Она потерявшими чувствительность пальцами зачем-то выбирала карточки из их целлофановых гнезд, куда теперь они были засунуты по-другому: не две, а одна девочка на руках у мамы или папы. Тот, который разрезал фотографии, вероятно, считал, что только одной девочке должно было достаться все: любовь обоих родителей, их внимание, их ласка… Все похвалы, все хорошие оценки в школе, все победы, все подарки, все первые симпатии, все любови… Это она: одна, единственная, смотрящая ясными, улыбчивыми глазками — или же тревожными, широко распахнутыми, или же кокетливо щурящаяся… На лошадке, на карусели, с куклой, с мишкой, снова с куклой… за партой — нет, за половинкой парты! Вторая половина — у другой девочки! У зловещей тени, отражения, призрака! У той, которая не должна была ни на что претендовать, но почему-то, по некоему капризу судьбы всегда урывала, отбирала себе половину! Причем всегда норовила отхватить побольше! И ее — ту, что стремилась забрать, сцапать, захватить все себе, — ее как раз и отрезали! Или же не ее, а ту, другую?! Которая всегда брала безропотно то, что оставалось? Что ПОЗВОЛЯЛИ взять?!
Левые страницы — там, где девочка ВИДИТ. Правые же — с теперь не похожей на ту, другую, девочкой, хотя все вроде бы у них одинаковое: и банты, и белые гольфы, и заколки в волосах в виде божьих коровок… И мяч в виде глобуса у моря, и наметившиеся острые грудки под мокрым купальником… Девочки в мини-юбках с кокетливо отставленной ножкой… с медальоном на шее: «Жанночке» или «Женечке»? Кто их мог разобрать, где какая?! Зато теперь очень ясно видно… потому что один пухлый младенец — одна малышка — одна девочка-девушка-молодая женщина везде была без глаз! Они были выколоты, вырезаны, вырваны…
Жанна опомнилась лишь тогда, когда добралась до последней страницы. Все вокруг было завалено фотографиями. Те, что справа, слепые и безглазые, смешались с левыми… половинки… половинки… половинки!.. Да, они никогда не были просто половинками! Как не были и одним целым! Как не были одинаковыми! Какое заблуждение было так думать!
На самой последней странице было лишь одно фото.
Та же девушка с медальоном на шее — но только эта шея была отрезана от ее головы.
Вернее, это голова была отрезана от остального.
Голова с аккуратно выколотыми глазами.
Медальон был тоже вырезан и помещен в самую последнюю целлофановую ячейку.
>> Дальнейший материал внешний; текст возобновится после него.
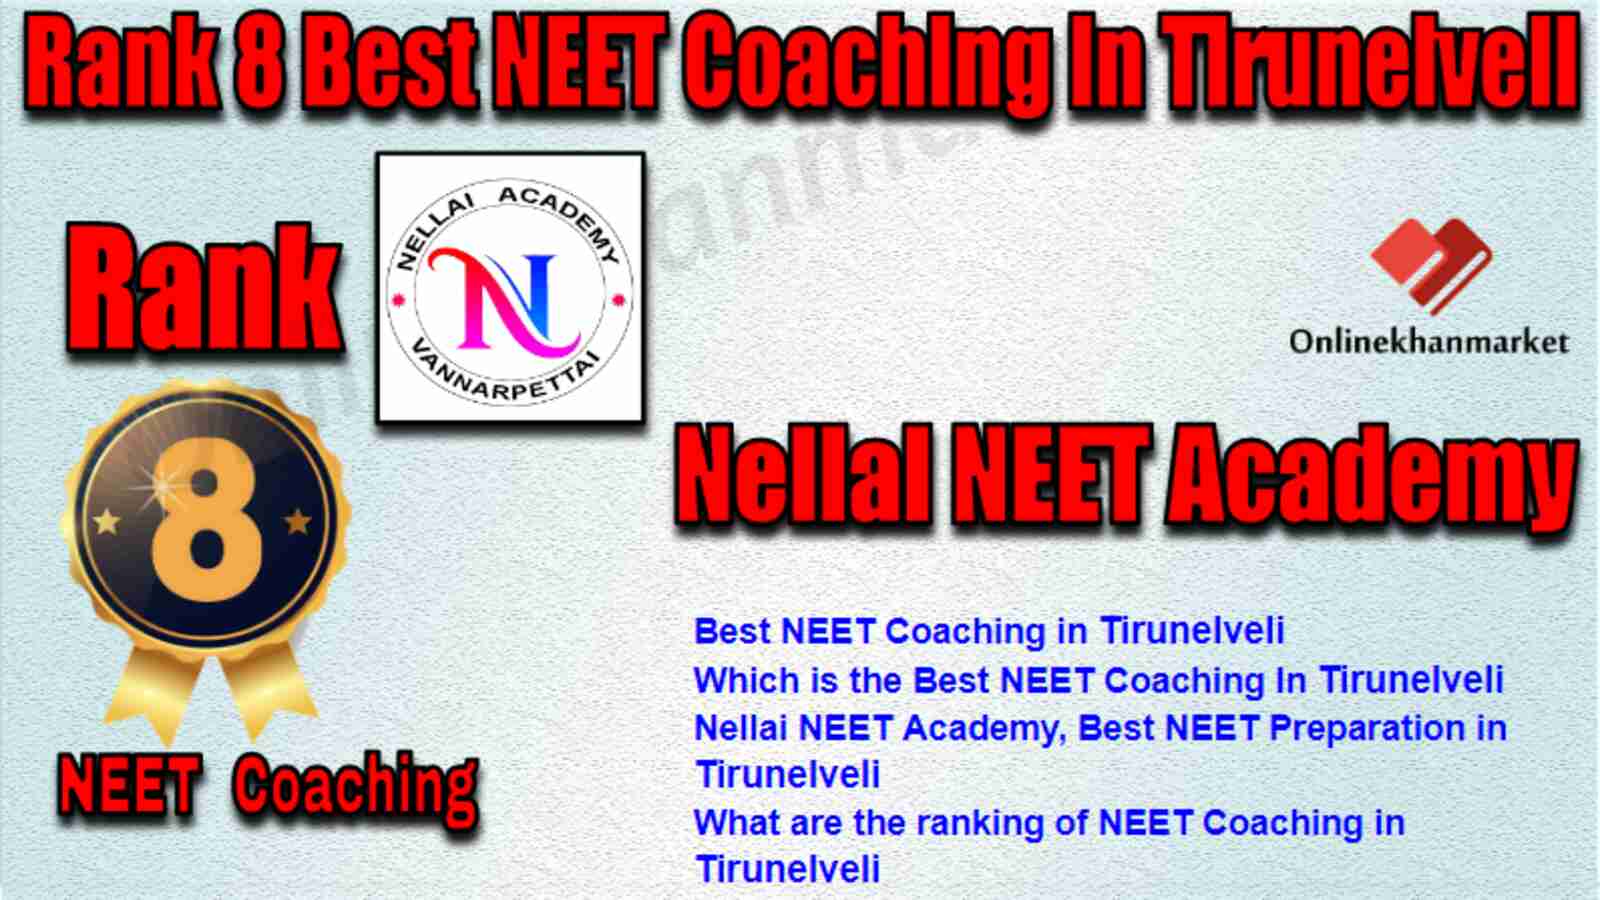 Rank 8 Best NEET Coaching in Tirunelveli

На клочке бумаги, вложенном туда же, красовалась надпись: «Это твое сердце».
И еще ниже: «Нравится?»
— Мне не нравится, что тебя постоянно бьют по голове… стреляют в тебя… наверняка что-то еще было, просто ты мне не сказала! — бушевал Тим.
— Ти-и-им… — простонала она, — ти-и-ише…
— Да на тебя мало наорать! — Он все же перешел на шепот. — Ну что, что мне с тобой делать?! — прошептал он столь страстно-горестно, что ей немедленно стало его жалко. Но она еще упорствовала и чуть слышно проскрипела:
— Наверное, любить… Какую есть…
— У тебя сотрясение, дура ты стоеросовая, какая есть! — все никак не мог уняться он.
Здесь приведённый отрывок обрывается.